Experiment of convective heat transfer of pulsed jet impingement on a flat surface

LYU Yuanwei1, ZHANG Jingzhou1,2, TANG Chan1, SHAN Yong1   

  1. 1. Jiangsu Province Key Laboratory of Aerospace Power System, College of Energy and Power Engineering, Nanjing University of Aeronautics and Astronautics, Nanjing 210016, China;
    2. Collaborative Innovation Center for Advanced Aero-Engine, Beijing 100083, China
  • Received:2017-08-28 Revised:2017-12-07 Online:2018-04-15 Published:2017-12-07
  • Supported by:
    National Natural Science Foundation of China (51776097); Postgraduate Research & Practice Innovation Program of Jiangsu Province (KYCX17_0280)

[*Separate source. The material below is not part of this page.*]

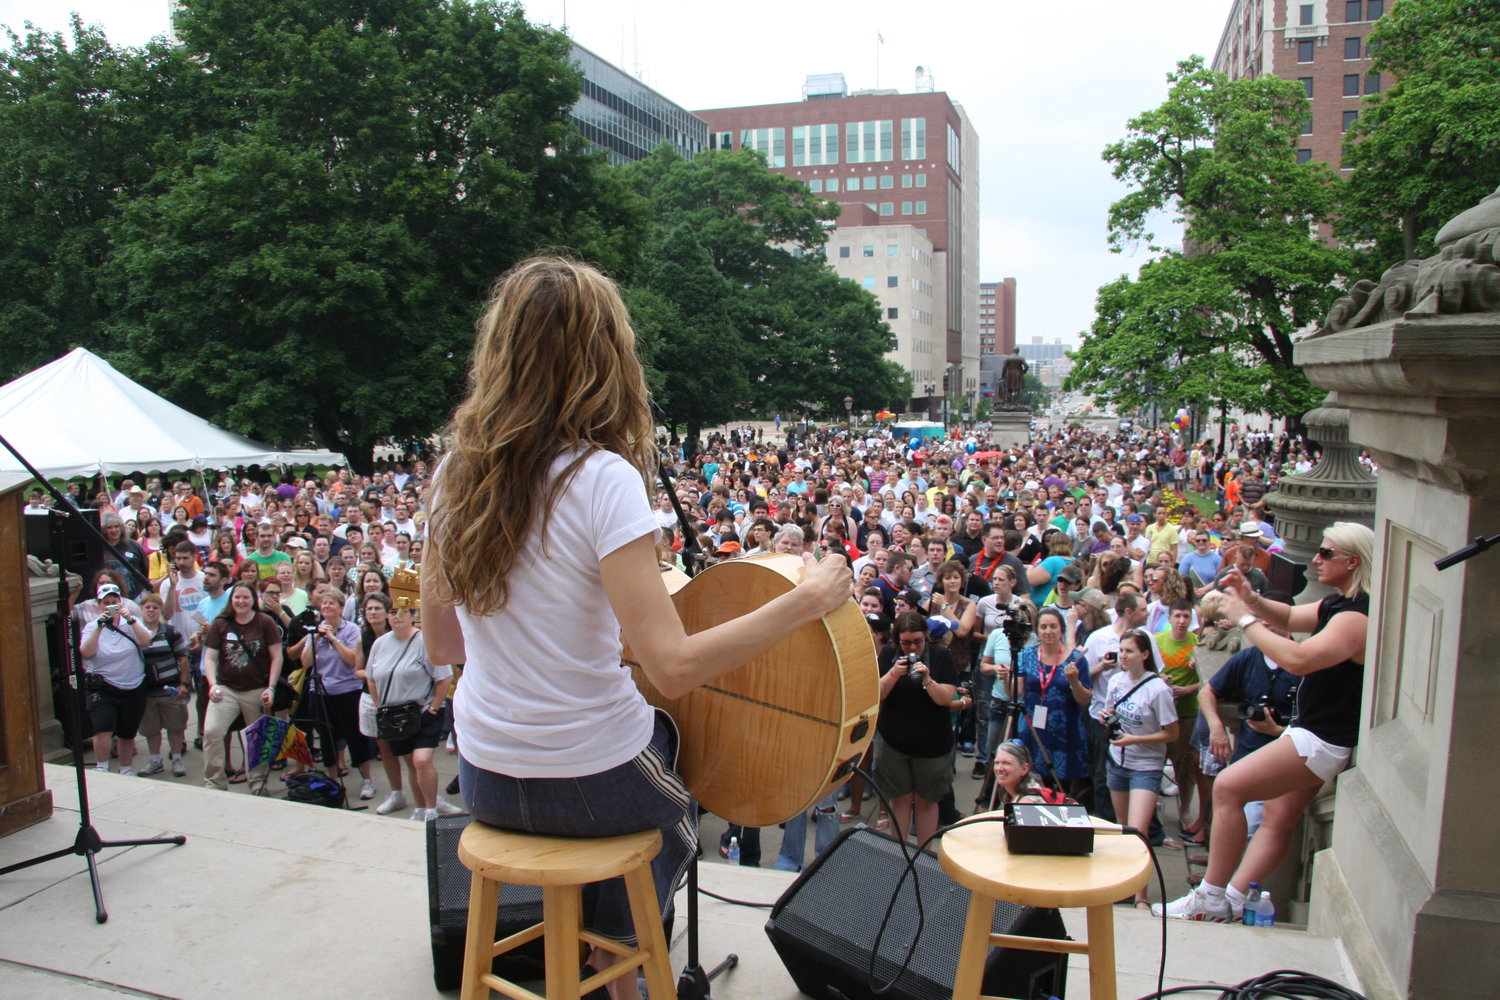 “Large crowd assembles at the Capitol for a rally and speech from Grand Marshal Shelly Wright, the first Country and Western singer to publicly come out. 2010.”

Abstract: Experimental tests of jet impingement heat transfer on a flat surface were performed by using the infrared camera for the pulsed jets with a constant operating frequency of 10 Hz and duty cycle of 50%. Comparisons with continuous jets were made at the jet Reynolds numbers ranging from 5 000 to 20 000 and the dimensionless nozzle-to-surface distances ranging from 2 to 8. The results show that the pulsed jet possesses the same basic heat transfer features as the continuous jet impingement, such as increase of the convective heat transfer coefficient with the increase of jet Reynolds numbers and rapid decrease of the local convective heat transfer coefficient along the radial direction. However, different from the continuous jet, the pulsed jet produces some differences in heat transfer either at the stagnation point or the wall jet zone. This is tightly associated with the jet Reynolds number and nozzle-to-surface distance. In general, the pulsed jet impingement exhibits its advantage over the continuous jet at larger dimensionless nozzle-to-surface distances, especially at a high jet Reynolds number. At a small dimensionless nozzle-to-surface distance, the continuous jet is demonstrated to achieve better heat transfer than the pulsed jet. For Re=20 000, the pulsed jet produces a slight improvement of the region-averaged convective heat transfer relative to the continuous jet only when the specified region for average use has a large radius beyond three times of the jet-nozzle diameter.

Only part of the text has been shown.